• _YOUR TASK_
The expected result is the full listing, retyped exactly, without a single picture.

• _RAW DATA_
------------------------------------------------------------

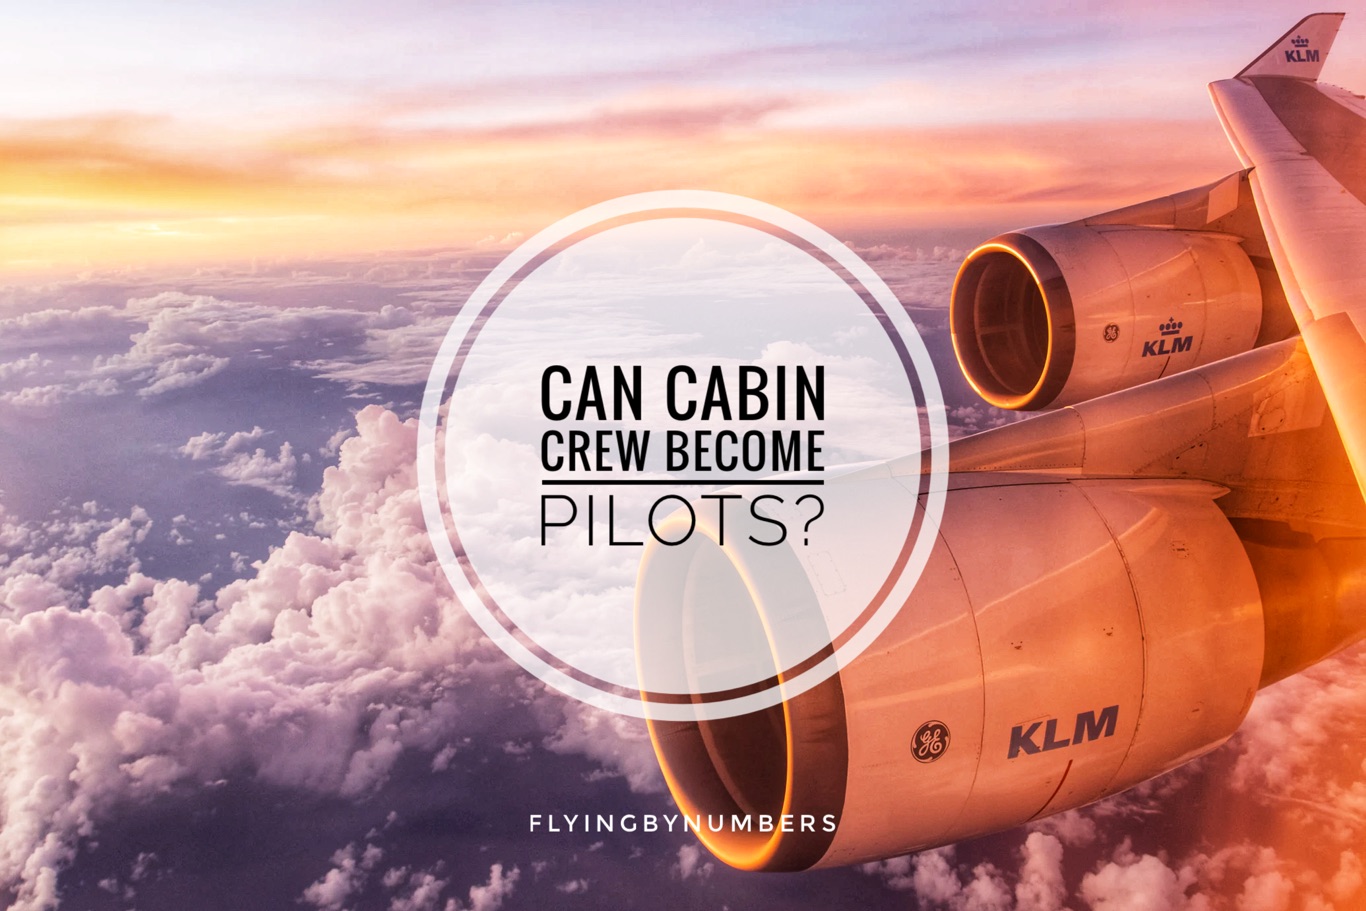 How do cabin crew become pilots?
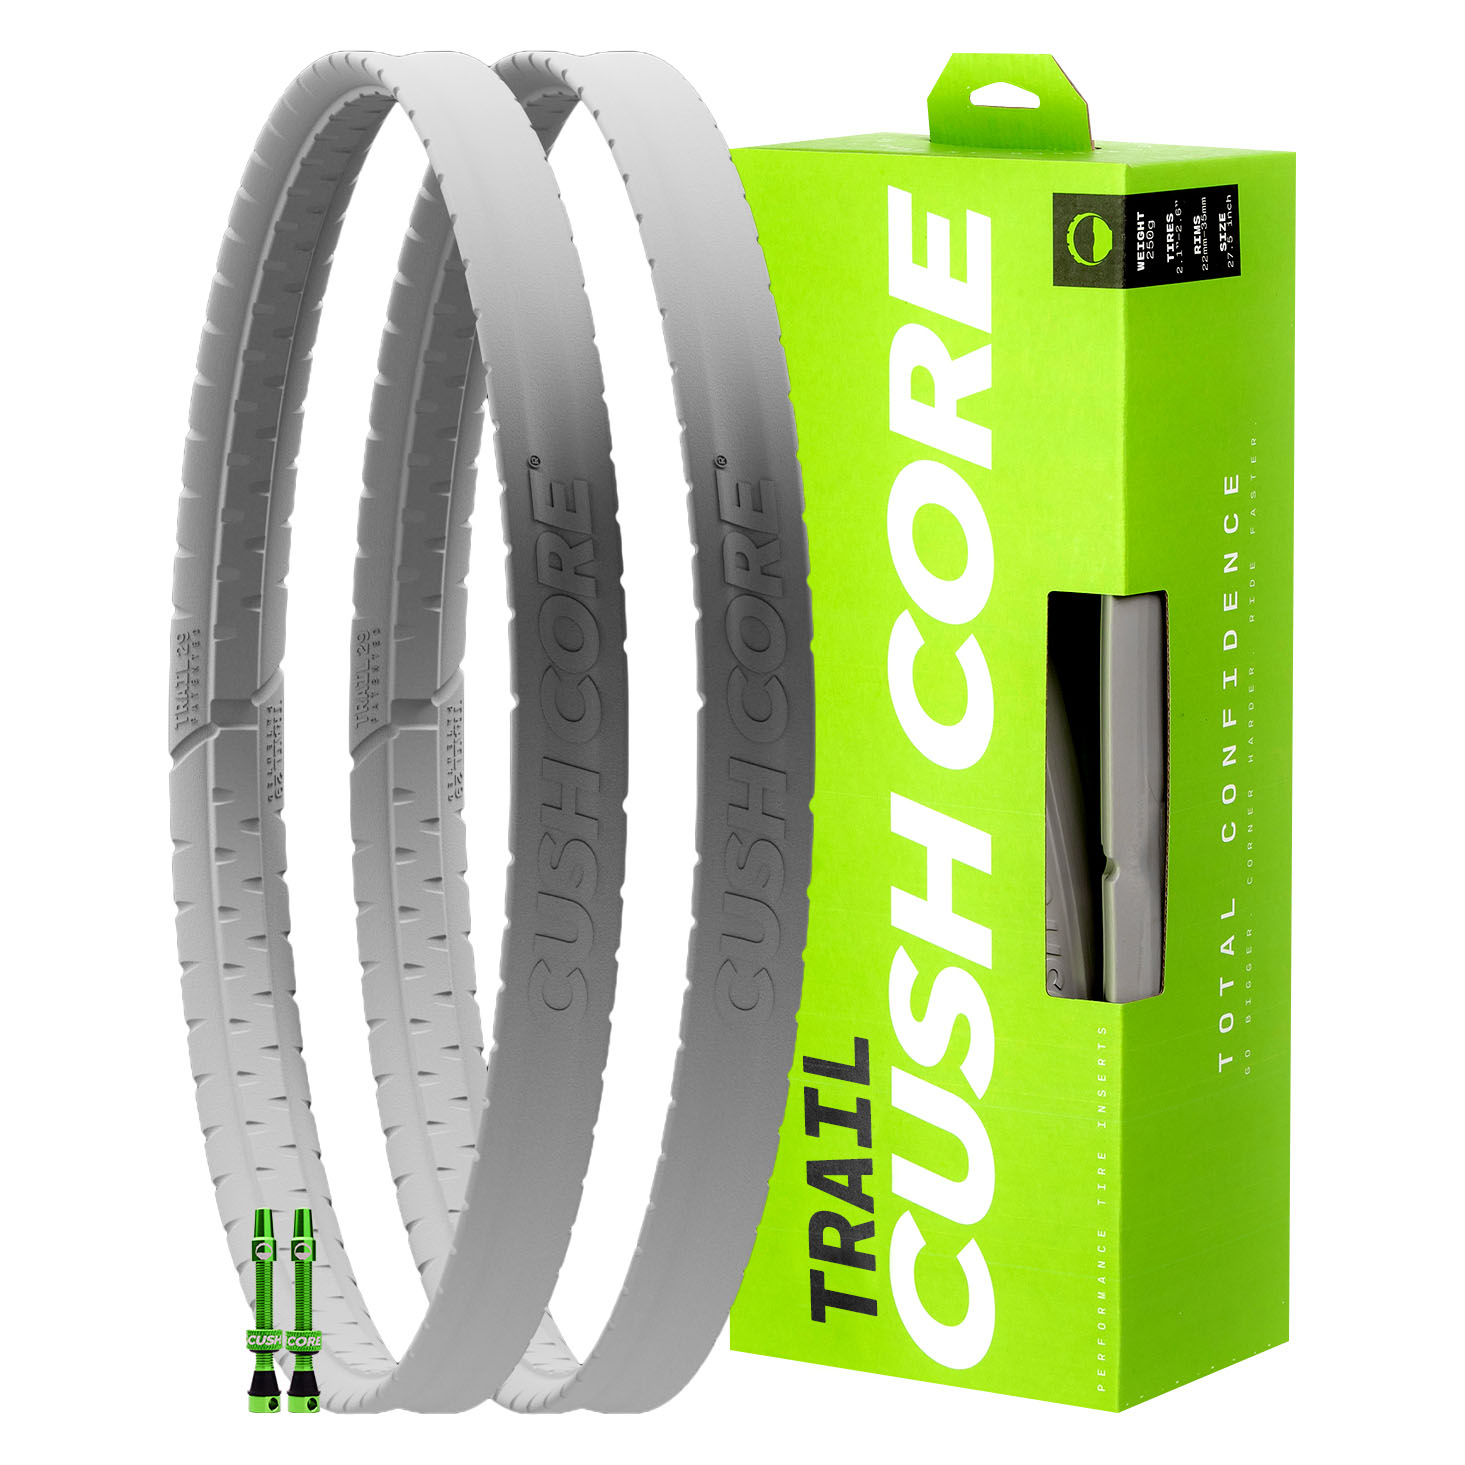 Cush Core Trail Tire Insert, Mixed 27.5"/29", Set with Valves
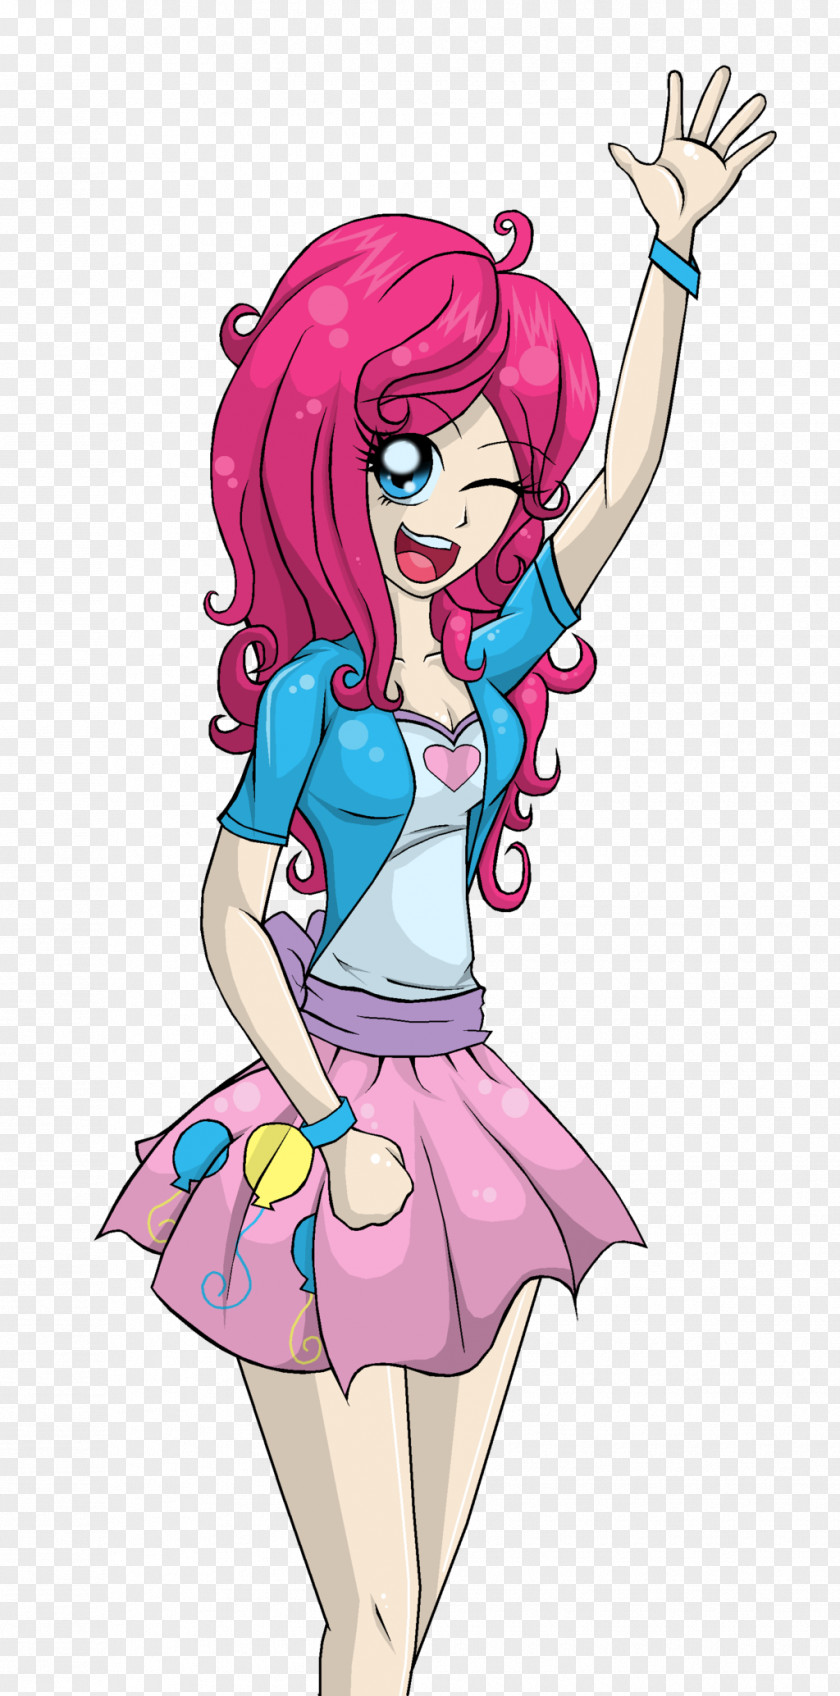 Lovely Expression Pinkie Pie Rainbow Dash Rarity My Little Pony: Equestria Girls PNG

------------------------------------------------------------

• _TASK RESULT_
 How do cabin crew become pilots?
 Cush Core Trail Tire Insert, Mixed 27.5"/29", Set with Valves
 Lovely Expression Pinkie Pie Rainbow Dash Rarity My Little Pony: Equestria Girls PNG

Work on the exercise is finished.